COLOMBO: In a significant development for Sri Lanka’s automotive sector, the government has taken the step of rolling back certain vehicle import restrictions that were originally put in place in March 2020. This move marks a departure from previous policies and signals a more open approach towards trade in heavy vehicles.
Under the newly announced regulations, heavy vehicles such as buses, trucks, and tankers are now allowed to be imported into the country. This decision was conveyed through an official government notification issued by President Ranil Wickremesinghe, who also holds the position of finance minister. However, it’s important to note that the import bans on passenger vehicles, including cars, will remain unchanged.
This update arrives at a juncture when Sri Lanka’s economy has shown signs of stabilization over the past nine months. The country secured a significant $2.9 billion bailout from the International Monetary Fund (IMF), a move that played a pivotal role in reining inflation levels and initiating the rebuilding of foreign exchange reserves. Notably, Sri Lanka’s reserves experienced an impressive 26% growth, reaching a 19-month high of $3.8 billion in July. This achievement can be attributed to a boost in remittances and earnings from the tourism sector.

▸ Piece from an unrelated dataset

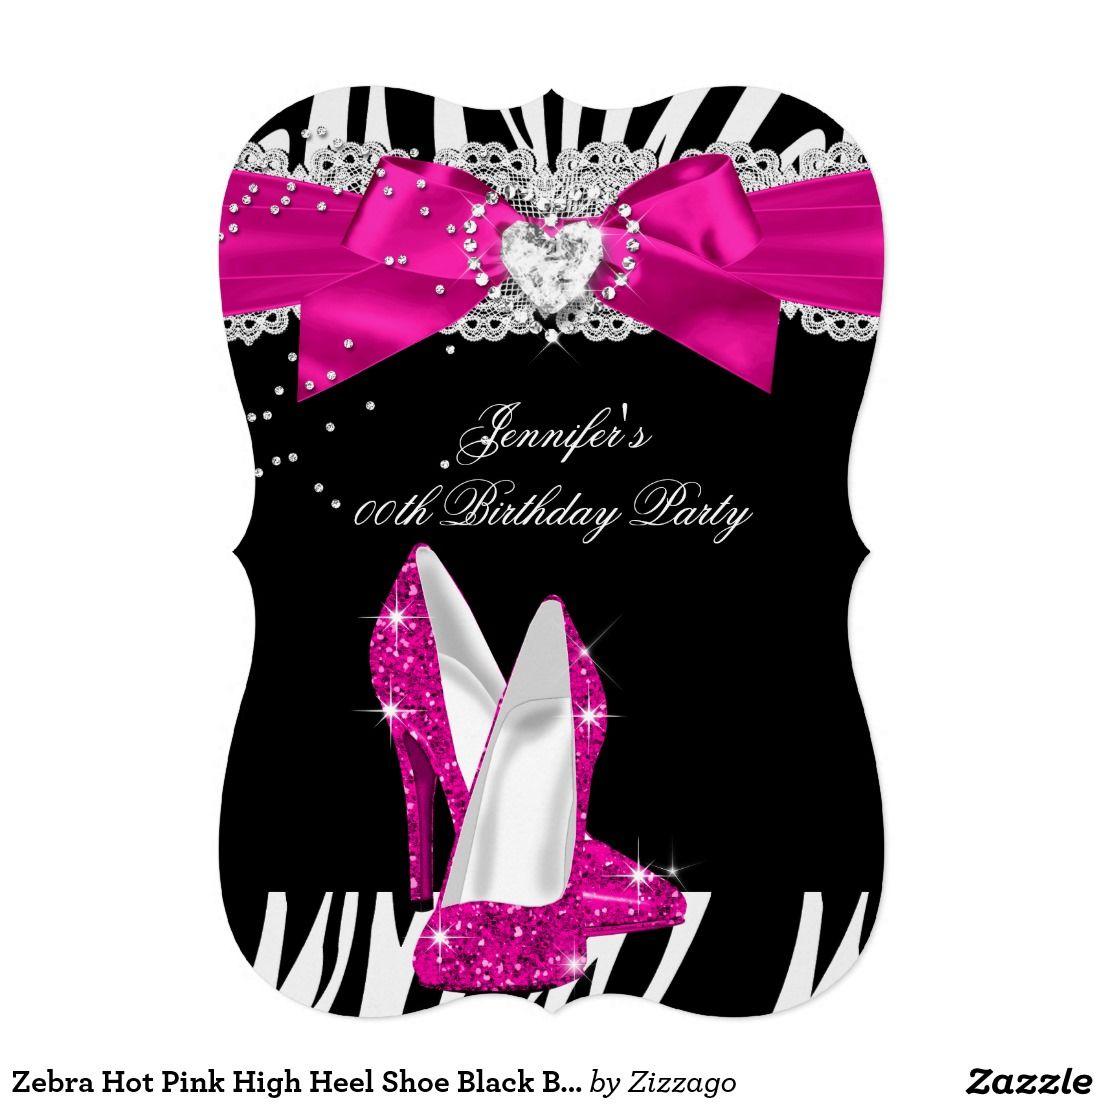 Zebra Hot Pink High Heel Shoe Black Birthday 4 Card Pink high

As a testament to the economic progress, the national currency has also demonstrated resilience, recording a rise of approximately 13.5% throughout the year, as indicated by central bank data. This positive trajectory showcases the nation’s commitment to financial stability and prudent monetary policies.
Yet, amidst these positive developments, challenges remain on the horizon. While the easing of the crisis is undoubtedly a positive step, Sri Lanka is still engaged in crucial debt negotiations with its creditors. The government aims to conclude these talks by September, coinciding with the first IMF programme review. Additionally, implementing key economic reforms is pivotal to ensuring the sustainability of the ongoing recovery efforts.
Although the Sri Lankan economy is anticipated to experience a contraction of about 2% this year, according to estimates from the central bank, this projection marks a significant improvement from the 7.8% contraction witnessed the previous year. The reform measures undertaken and the cautious approach towards policy changes are expected to drive the economy towards a more resilient and sustainable growth path.